The Ballad Of Jack O'Dair
by Linda O Johnston, historical/time-travel (2000)
LoveSpell, $5.99, ISBN 0-505-52404-X

Linda O Johnston's writing style always reminds me of a Suzanne Vega song. Her prose, like Vega's alto, can get flat at places, but it is always compelling enough to keep me reading. This one is no different, And with a title like The Ballad Of Jack O'Dair (how romantic sounding!) and that lovely cover - nice.
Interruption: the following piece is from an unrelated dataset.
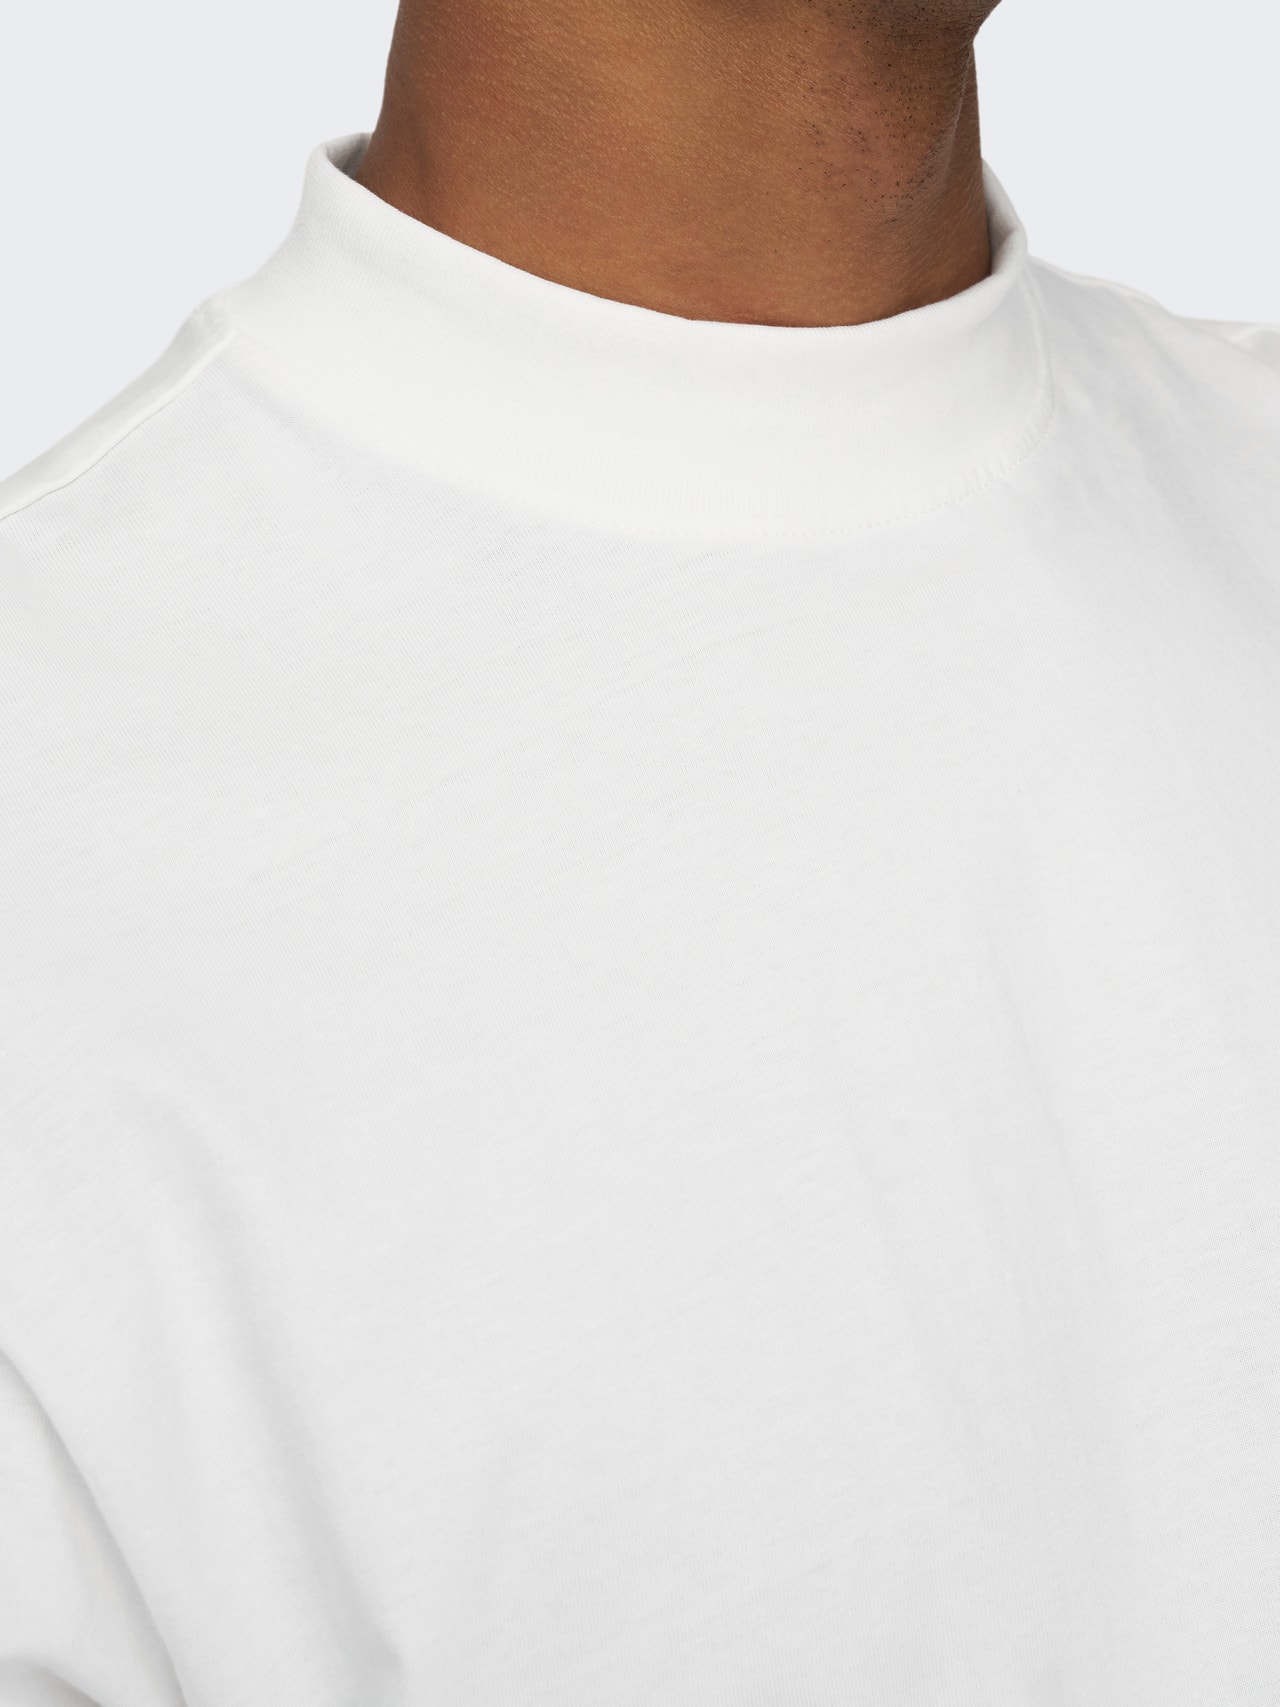 Relaxed Fit Mock neck T-Shirt, White
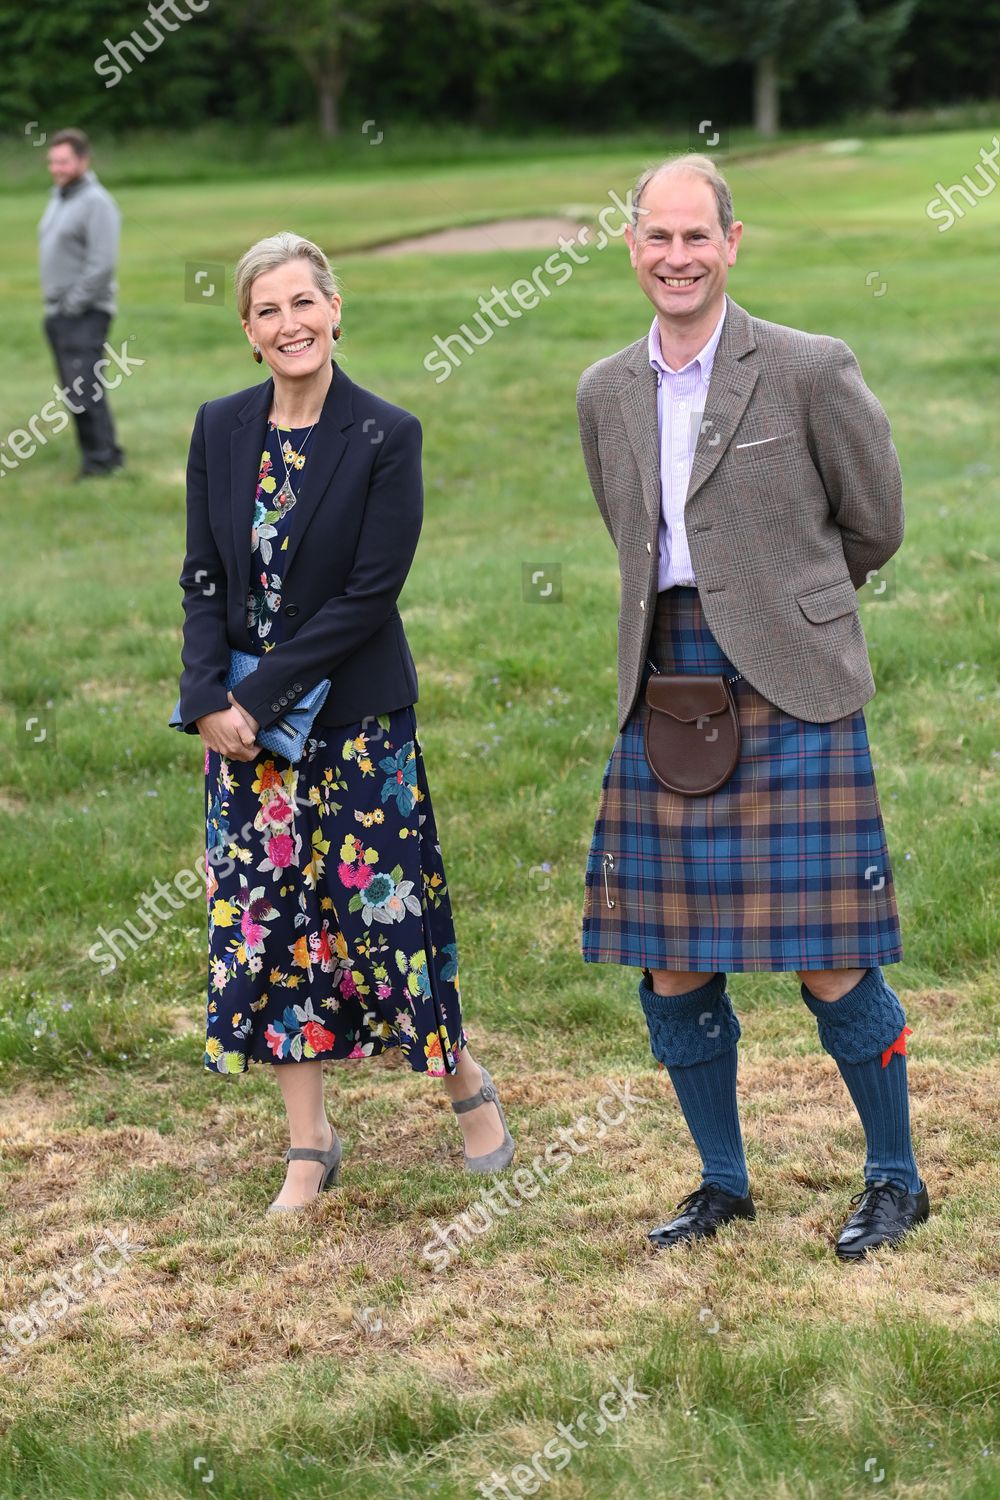 prince-edward-and-sophie-countess-of-wessex-visit-to-forfar-golf-club-scotland-uk-shutterstock-editorial-12172307c.jpg

Jessie Jerome, like most time travel heroines, are sad enough to be in love with the subject of a ballad she is researching. Yes, she's in love with a hero that may or may not exist. (This doesn't beat the saddest time travel heroine I've read - that heroine in Patti Berg's If I Can't Have You actually buys a dead actor's house and sleeps in his bed because she's so in love with the dead actor. Creepy or what?) Anyway, she sleeps a night in a hut reputed to be Jack O'Dair's, and wakes up next morning in 1890s Alaska.

Then she meets Jack O'Dair, larger-than-life hero-to-be, and gets the first true, five-dynamite, grade A orgasm of her life.
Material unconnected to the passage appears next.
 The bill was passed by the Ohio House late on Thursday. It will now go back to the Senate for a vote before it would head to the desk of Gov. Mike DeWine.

Jack is like a law enforcer in the lawless gold rush of Yukon, and soon Jessie is helping him, suggesting methods she saw on TV (yes, Senator, TV is pretty influential on impressionable minds). But she knows that Jack's fate is to die in an avalanche while carrying out his last act of nobility. Can she stop that?

I love Jack, despite his stereotypical emotional baggages - he's a hero, a noble hero, how can I resist? Jessie is a pretty smart heroine for all her neuroticism, and I have no trouble rooting for them. But with a title like The Ballad Of Jack O'Dair, I am expecting a lyrical, maybe even paranormal romance. When this story peters out into a standard whodunnit tale halfway through, I am pretty disappointed.

Nonetheless, I find the entire premise compelling, and Jack O'Dair... what's his hotline? Might come handy if I need a spot of rescuing myself. This story isn't exactly grade A keeper stuff to me, but hey, I've no problems with it either. After all, wasn't it Bonnie Tyler who sang that we are all holding out for heroes?